Ignoring pressure from organized labor, Los Angeles Mayor Eric Garcetti has decided to retain a top budget official who recommended layoffs and cuts in pension benefits for new hires during the city's fiscal crisis.
Miguel Santana, who reports to both the mayor and the City Council, will stay on as chief administrative officer, playing a crucial role in drafting Garcetti’s first budget and leading contract talks with unions for thousands of city workers.
Santana’s approach to balancing the budget has irked union leaders.
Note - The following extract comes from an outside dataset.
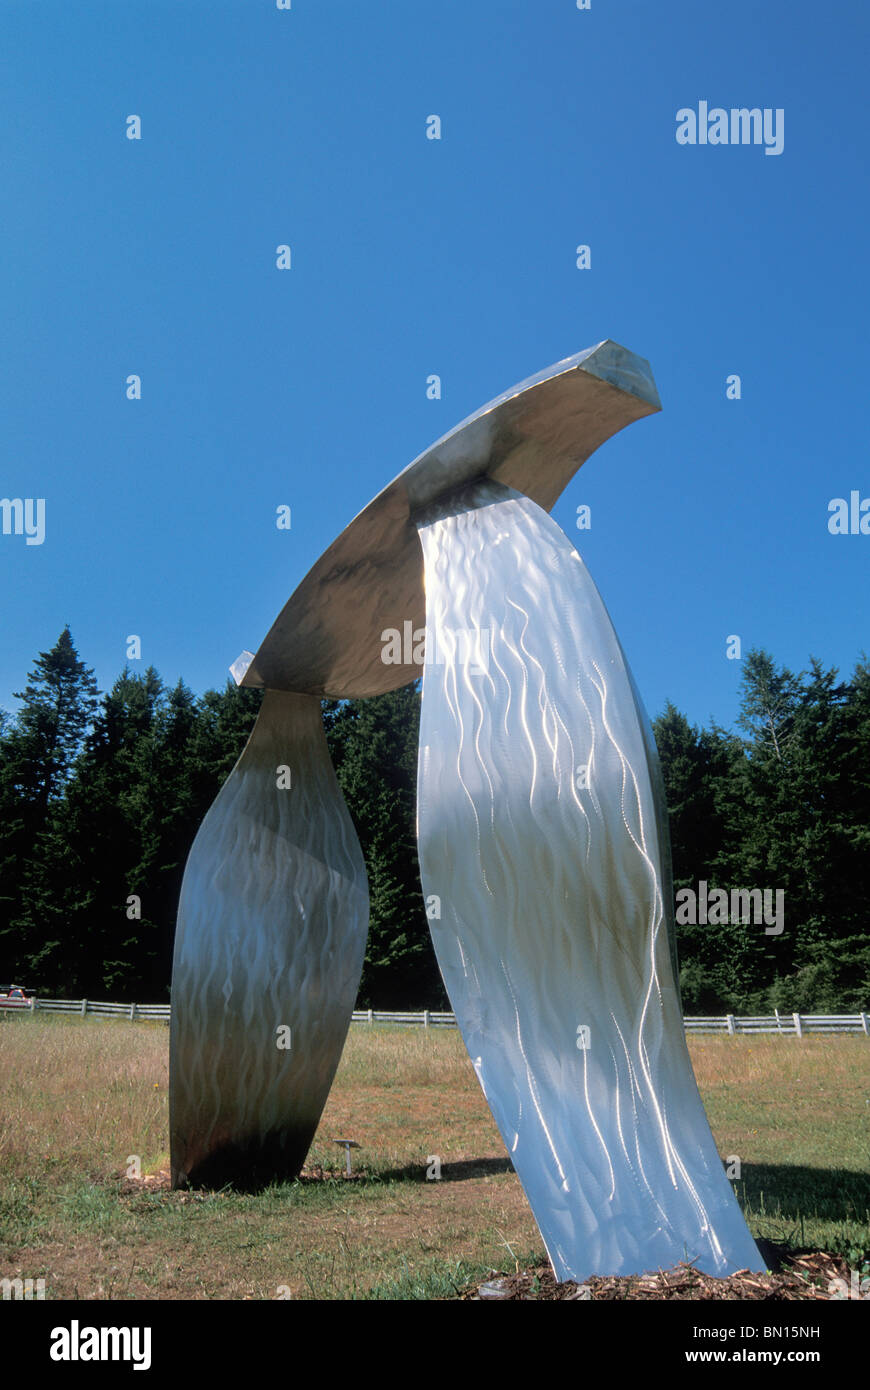 Metal sculpture by artist Micajah Bienvenu at Westcott Bay Sculpture Park, San Juan Island, Washington. Stock Photo

During this year’s mayoral campaign, labor leaders made clear they hoped the winner would dump Santana.
But Garcetti, a staunch liberal when on the council, embraced the layoffs and benefit cuts as proof that he would show fiscal restraint as mayor. That strategy proved effective in a race against labor’s preferred candidate, Wendy Greuel.
“We feel that Miguel will be a strong partner in Mayor Garcetti’s work to balance our budget and make sure that city departments are able to deliver quality service,” Garcetti spokseman Yusef Robb said.
Despite a rebound in tax collections, Santana told his staff in a memo Monday that there remained “significant uncertainty and risk in our current fiscal situation due to the vulnerable economy, unsettled litigation, and expenditure growth that continues to eclipse gains in revenue."
“Our job going forward is to identify and mitigate these risks,” Santana wrote.
Most outspoken about labor's dislike for Santana was a leader of Local 721 of the Service Employees International Union, which represents 10,000 city workers.
“We're disappointed that the mayor chose to keep him because of the arbitrary and heavy-handed way [Santana] has dealt with city workers,” said Local 721 steward Tim Butcher, a truck driver with the Bureau of Street Services. “When L.A. was in financial trouble, he discounted every proposal we made to fix it. He was too closed-minded and unmoving, and it resulted in cuts to city services.”
In an interview, Santana said he took direction from the mayor and the council, whose budget choices went a long way toward addressing the city’s chronic budget shortfalls.
“That would not have happened,” he said, “if management wasn’t willing to raise some difficult questions and put them on the table and go through the difficult back-and-forth that’s necessary to make progress.”
Tension between Santana and Garcetti erupted over the summer when the chief administrative officer urged the new mayor to quickly approve a contract with a union for Department of Water and Power workers. The union, the International Brotherhood of Electrical Workers, had spent heavily on campaign advertising for Greuel, and Garcetti insisted on more concessions -- some of which he ultimately won.
Santana said Monday that Garcetti had “made a good deal better.”
“It was a very good outcome,” he said, “and I think the process was exactly what it needed to be to get there.”